One of the tricky bits about building this amp is preparing the tube sockets. Please refer to the build thread mentioned above for details of how to do this. I used the same method and managed to separate the two halves of the socket without issue (so I've now got two spare!).
I glued to two halves back together again with Araldite. Seemed to work quite well but you do need to be careful not to get glue all over the metals bits. Once the glue had gone off I tried to fit a socket. Damn! It wouldn't fit! I happened to have some rather heavy duty resistors hanging about and used one of the leads from these to free up each of the metal receptacles into which the tube fits. After a bit of effort I managed to free things up but it's still a nice tight fit.
Prepared LEDs.
For the rest of it, I followed the build thread instructions and didn't encounter any problems. During the build you have to make a choice over the gain required. Initially, I went for the 50K resistors which gave me almost no movement on the volume pot before the music was unbearably loud. So, I swapped them out for the 100K resistors and all was fine.
You can see below the completed PCB which is attached to the lid of the case. The tubes poke up through the lid (you can't see them in this picture) and the MOSFETs are attached to the heatsinks.
It was a bit tricky getting the heatsinks on as the heatsink paste made everything a bit slippy. Also, the allen bolts require imperial keys (which I don't have). I ended up using finger pressure to tighten them.
If you look closely, you'll notice that the MOSFETs aren't actually soldered to the PCB yet! I was just about to do the soldering when I took this picture. You might also notice the insulating pads which insulate the MOSFETs from the case lid.

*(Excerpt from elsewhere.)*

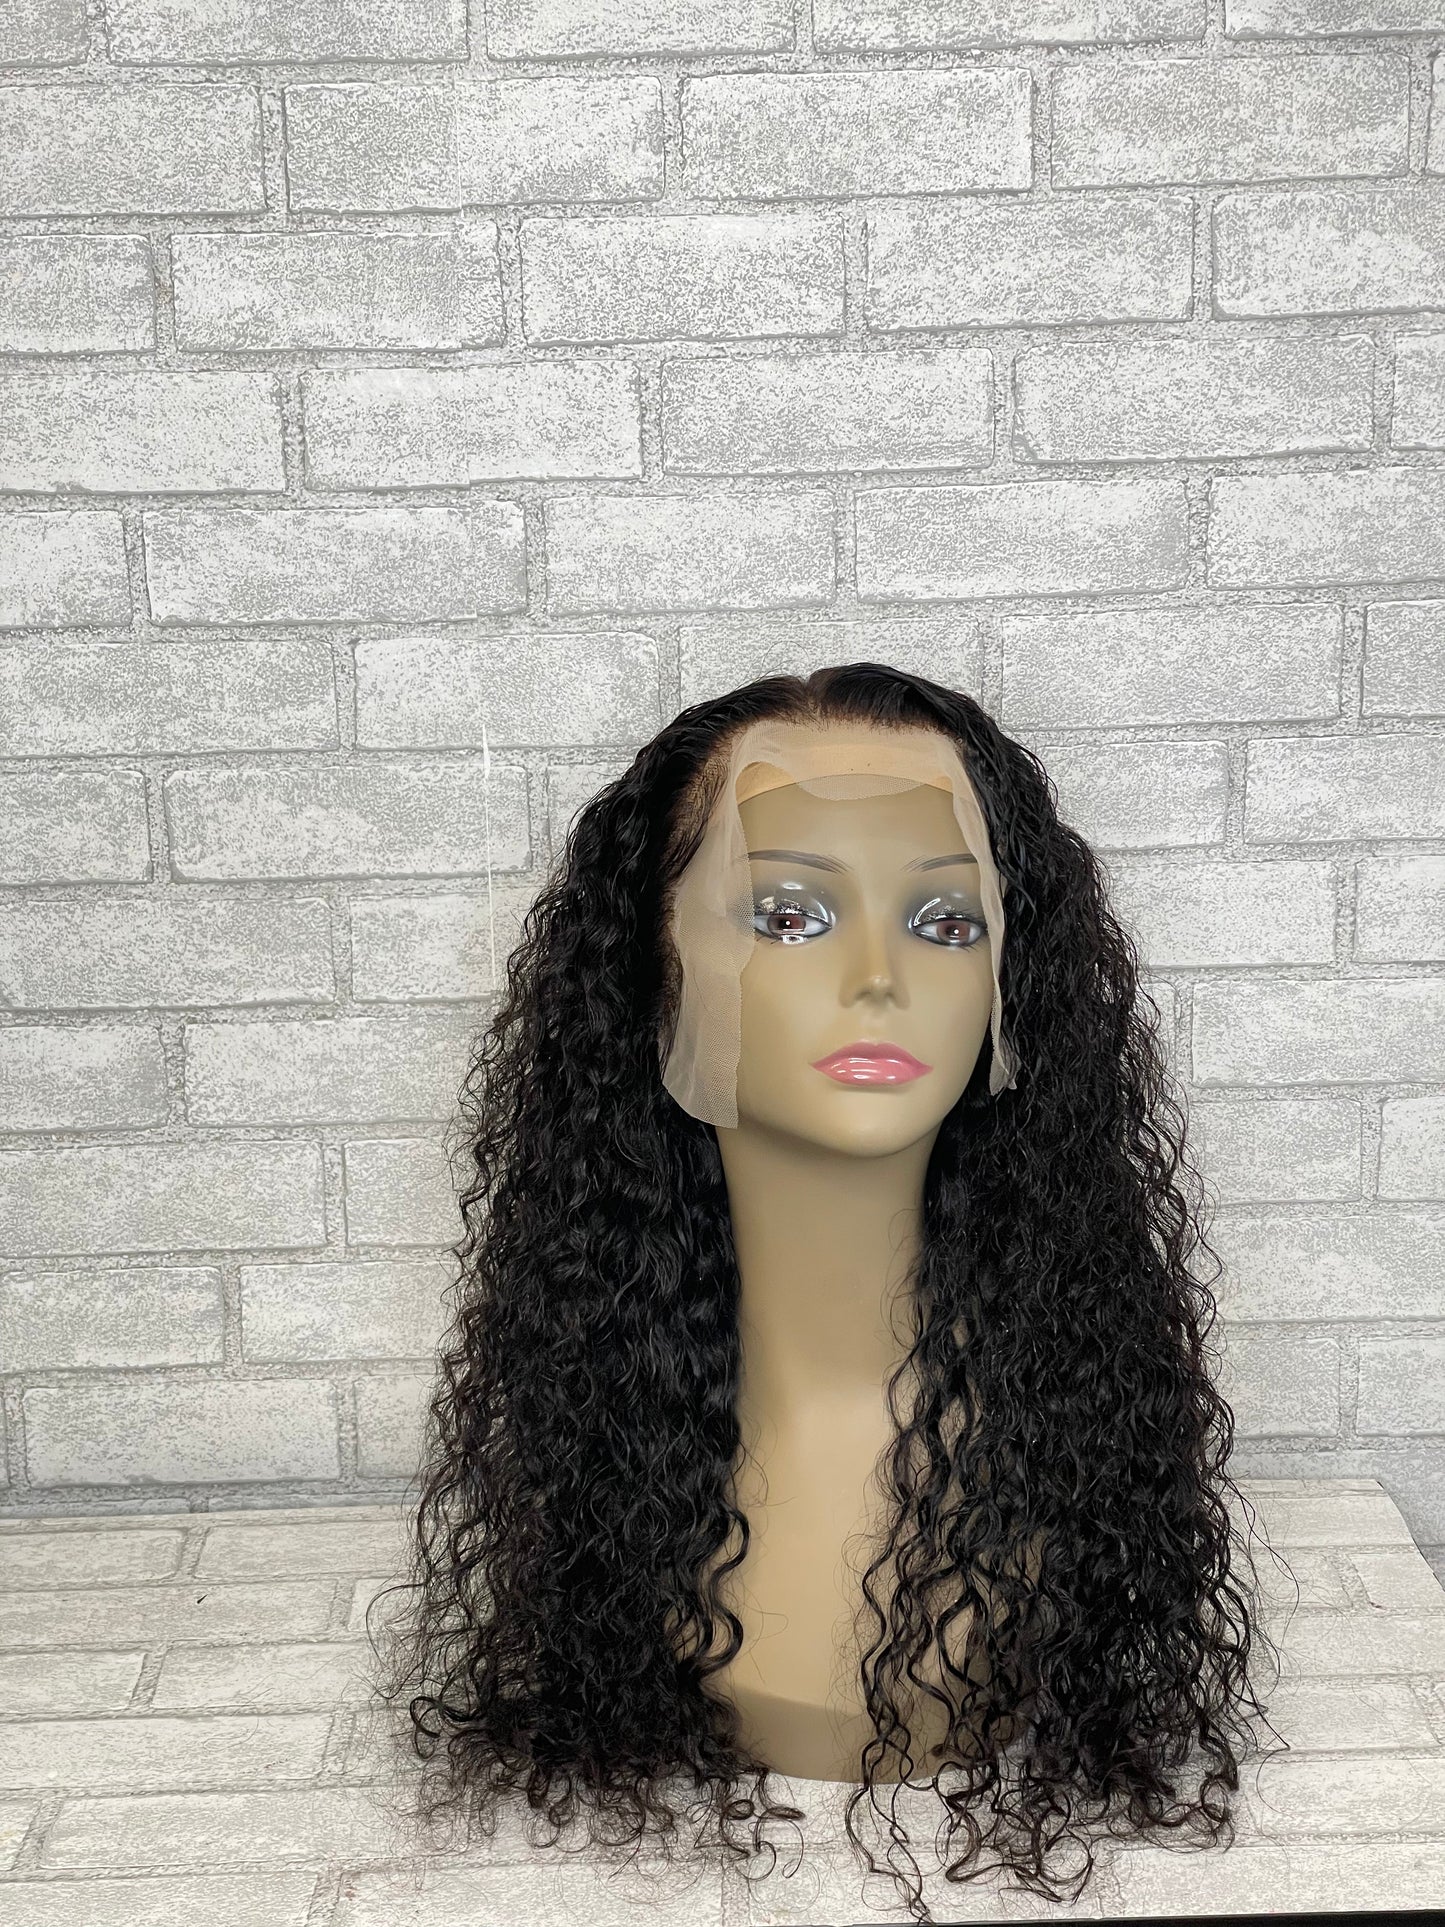 30 Inch 100% Human Hair Full Frontal Glueless Wig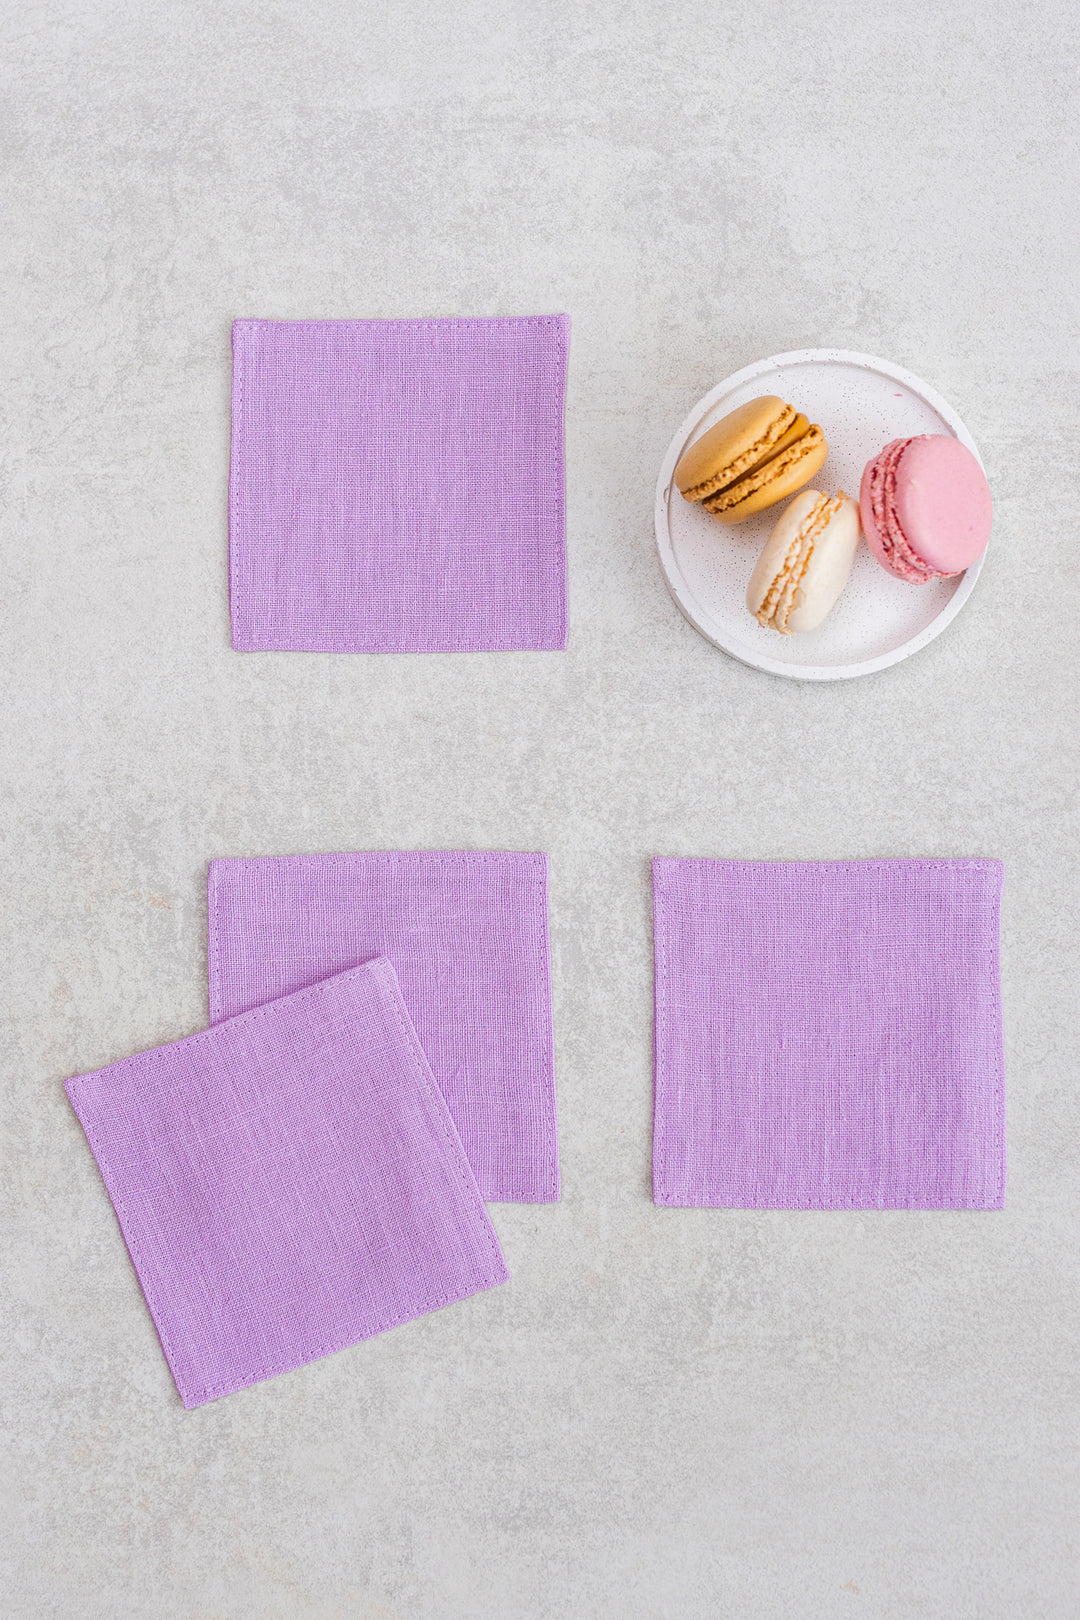 Lavender Linen Coasters Set Of 4 - Daily Linen

Oh, and those green capacitors are actually from the Nichicon Muse range. In fact all the components appear to be really good quality given the price of the kit.
Soldering on the MOSFETs.
The next job was to fit the RCA sockets, power inlet and switch to the back panel and wire them in. Again, I used the heatshrink...makes for a really nice job. The power and switch leads are tightly wound together to reduce interference and the RCA signal cables are plaited using a Litz Braid.
You'll notice that the headphone socket and volume pot is soldered onto the board, so no messing about with wiring.
Wiring on the back panel.
Here's the final picture of the completed amp. I went with the rather ugly heatsinks to stay true to the design and, to be honest, hardly notice them now.
The amp has been played for about 50 hours. I sense a real improvement to the harshness of the treble but I might just be getting used to it. There's plenty of well disciplined bass and overall I'm pleased with the performance.
Would I recommend this kit to someone? Absolutely. Unfortunately, they are sold out and may not be available in the future. However, the Starving Student as a design lives on and as an introduction to building valves amps, without the high voltages, it comes highly recommended.